Remember that even though STR is not as optimistic about significant hotel rate increases this year, the company still anticipates U.S. hotel rates will grow by 2.1% this year and an additional 2% in 2025. These figures are approximately in line with what economists consider ideal inflation rates for the U.S. economy.

Moreover, a slight decrease in prices within the luxury hotel industry doesn’t automatically imply that the typical leisure traveler will find a deal when staying at establishments like Four Seasons or St. Regis. However, there’s a positive outlook: The decline in rates for luxury hotels can be attributed to the resurgence of business travel following the pandemic. This resurgence has led to the reintroduction of special corporate rates, which are negotiated and typically lower than the standard daily rates charged to most guests.

Naturally, this does not always benefit the typical traveler who wants to experience a luxurious hotel stay without overspending.

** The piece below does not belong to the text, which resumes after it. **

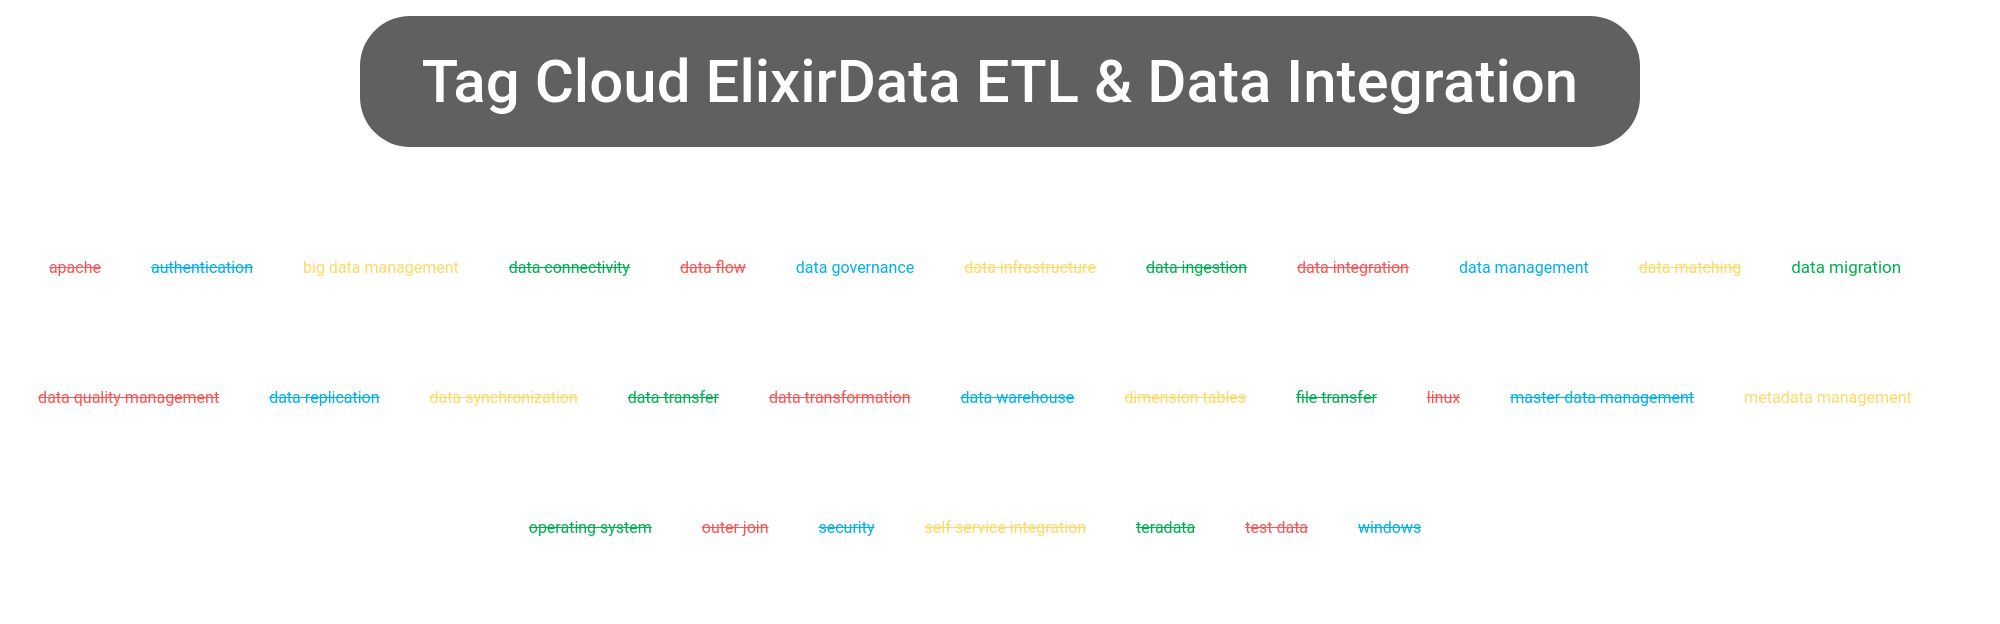 Tag cloud of the Elixir Data Platform software.

“The average daily rate for luxury hotels appears lower; however, this doesn’t imply that leisure travelers like you or I will pay less,” stated Jan Freitag, national director of hospitality analytics at STR’s parent company, CoStar. “Our rates will keep rising. It’s merely that the data reporting methodology alters the mix, incorporating more corporate transient bookings.”

Hooray for the return of business travel after the pandemic. However, it’s not so great for our finances… unless you’re opting for a more economical hotel brand.